#### [WHAT YOU ARE ASKED TO DO]
Below are several records. Retype exactly those lines running from the one with "Protestas Haití - Sputnik" through the one with "Famiglia dei leoni for Immagini leone hd", end lines included, and no others.

#### [DATA FOR REVIEW]

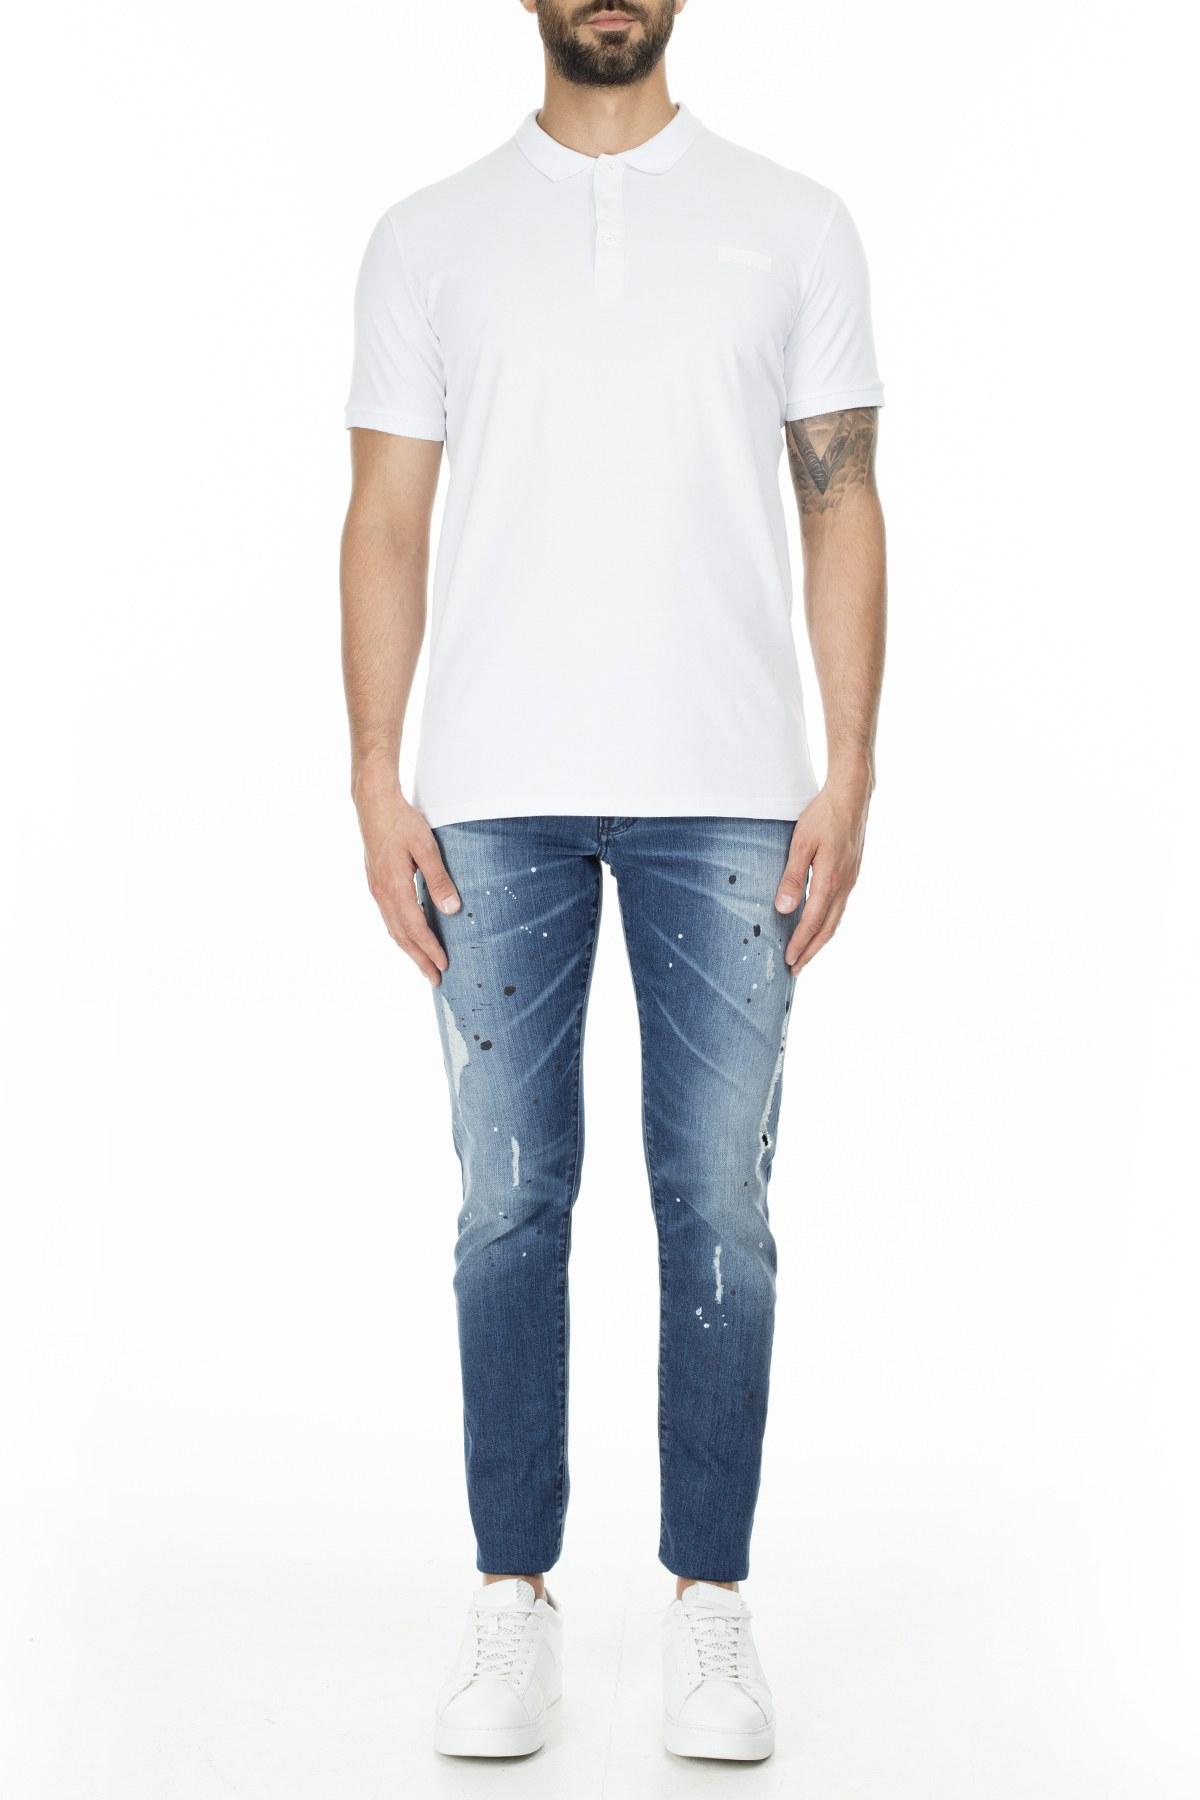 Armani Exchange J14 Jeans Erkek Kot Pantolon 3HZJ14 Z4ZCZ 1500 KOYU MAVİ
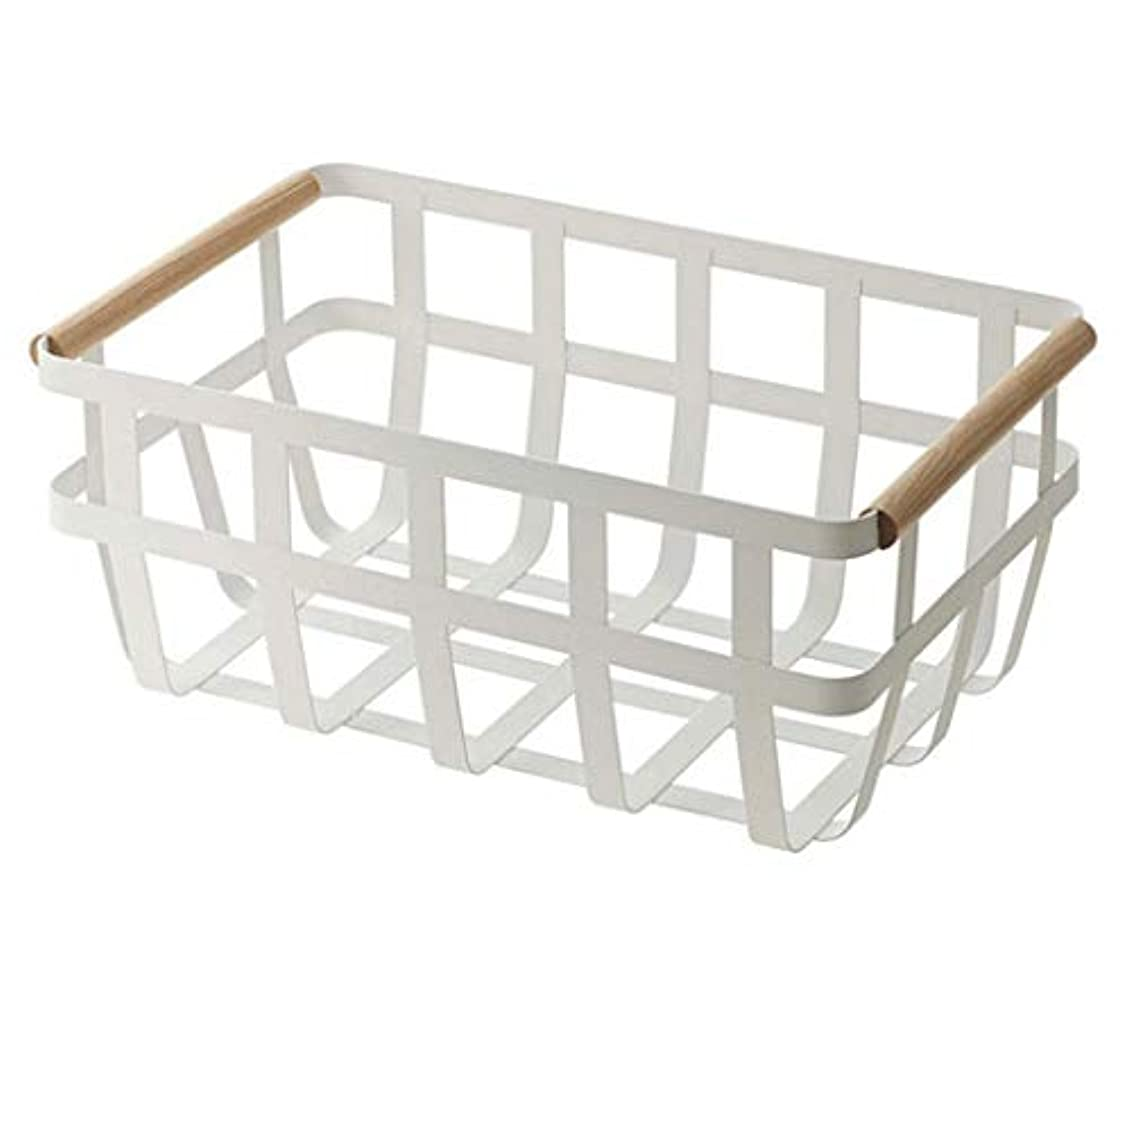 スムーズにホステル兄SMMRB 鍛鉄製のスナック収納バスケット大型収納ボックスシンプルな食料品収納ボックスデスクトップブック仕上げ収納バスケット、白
...
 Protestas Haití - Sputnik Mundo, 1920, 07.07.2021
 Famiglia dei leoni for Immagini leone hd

#### [SOLUTION TO THE EXERCISE]
 Protestas Haití - Sputnik Mundo, 1920, 07.07.2021
 Famiglia dei leoni for Immagini leone hd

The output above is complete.